То, что было в прошлом Евой, вновь попыталось пошевелиться, но не смогло. Странные, безумные образы заполоняли сознание, они множились в нём, будто сорная трава на заброшенном поле. Много людей — гораздо больше, чем можно узнать за одну жизнь. Жилистые, тонкие руки, умение держаться, скрюченные, жалкие люди, которые вызывают только отвращение, отчаянное желание смыть их уродство кровью, потому что она, кровь — одинакова везде. Когда ты вскрываешь кому-то брюхо, королю ли, епископу, или распоследнему грешнику, воняющему ложью и дерьмом, ты видишь одно и то же.
Смыть кровью — или же утопить в огне.
Огонь уравнивает всех.
Эти же люди сейчас смотрят на тебя сверху вниз. Ты видишь фурункулы под их подбородками, содранные, синюшные костяшки пальцев. Впалые животы со следами чесотки под рубахами. Лица сливаются, вливаются в вереницу сотен тысяч таких же лиц, виденных ранее.

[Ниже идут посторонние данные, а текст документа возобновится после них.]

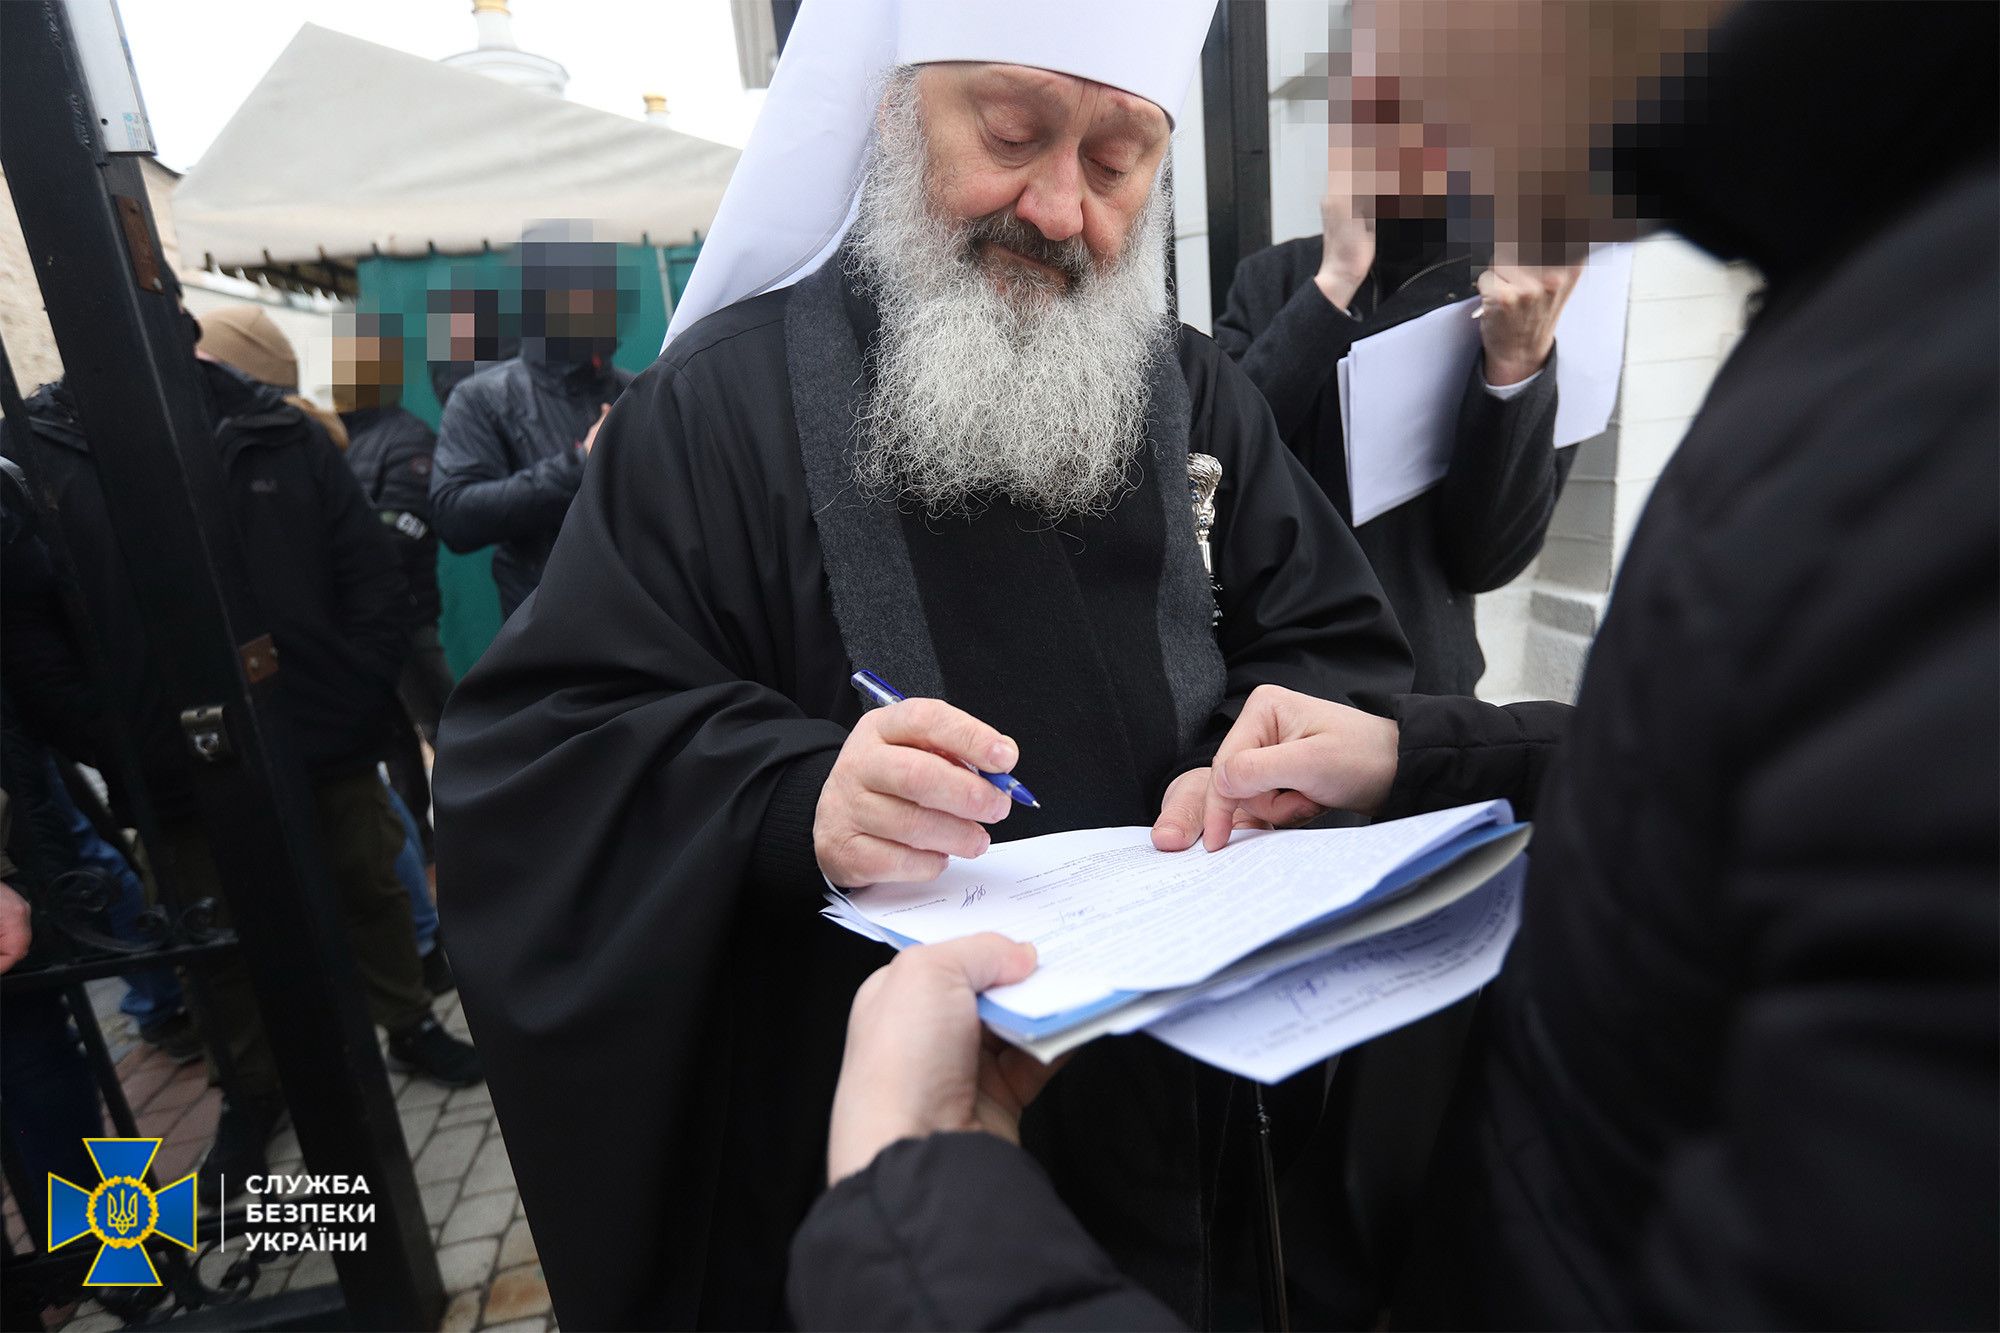 СБУ сообщает о подозрении митрополиту Павлу 1 апреля

— Смотри, — со страхом сказал один, — какой гомункул.
Его товарищ избегал смотреть вниз. Он нервно вертел головой.
— Тот цирюльник говорил, что везёт мощи. Я не вижу ни одной.
— Мощи — не всегда кости, дурья твоя башка. Смотри вниз. Смотри… только постарайся не захлебнуться рвотой. Знаешь, кто это? Чьё это лицо? Это барон, гуляющий с косой.
— Да неужто?
Подошли ещё люди. Повозка покачивалась, будто опиралась не на колёсные пары, а на водную гладь.
— Барон, гуляющий с косой! — подбородок говорившего трясся от возбуждения. — Тот, от которого неверные бегут в страхе, побросав свои ятаганы. Это знак, братья. Символ нашей будущей победы. Вы что, не понимаете?
— Он сейчас не в состоянии держать в руках оружие, — осторожно сказал кто-то, и тот, кто говорил про символ победы, обернулся к нему и в ярости вцепился в воротник.
— Святые мощи, неверующий! Ужели ты думаешь, что святой Лука лично стоит на страже монастыря, в котором захоронен его прах? Сила гуляющего с косой будет в наших руках — этого достаточно, чтобы пройти всю аравийскую пустыню от края до края. Во имя гроба Господнего!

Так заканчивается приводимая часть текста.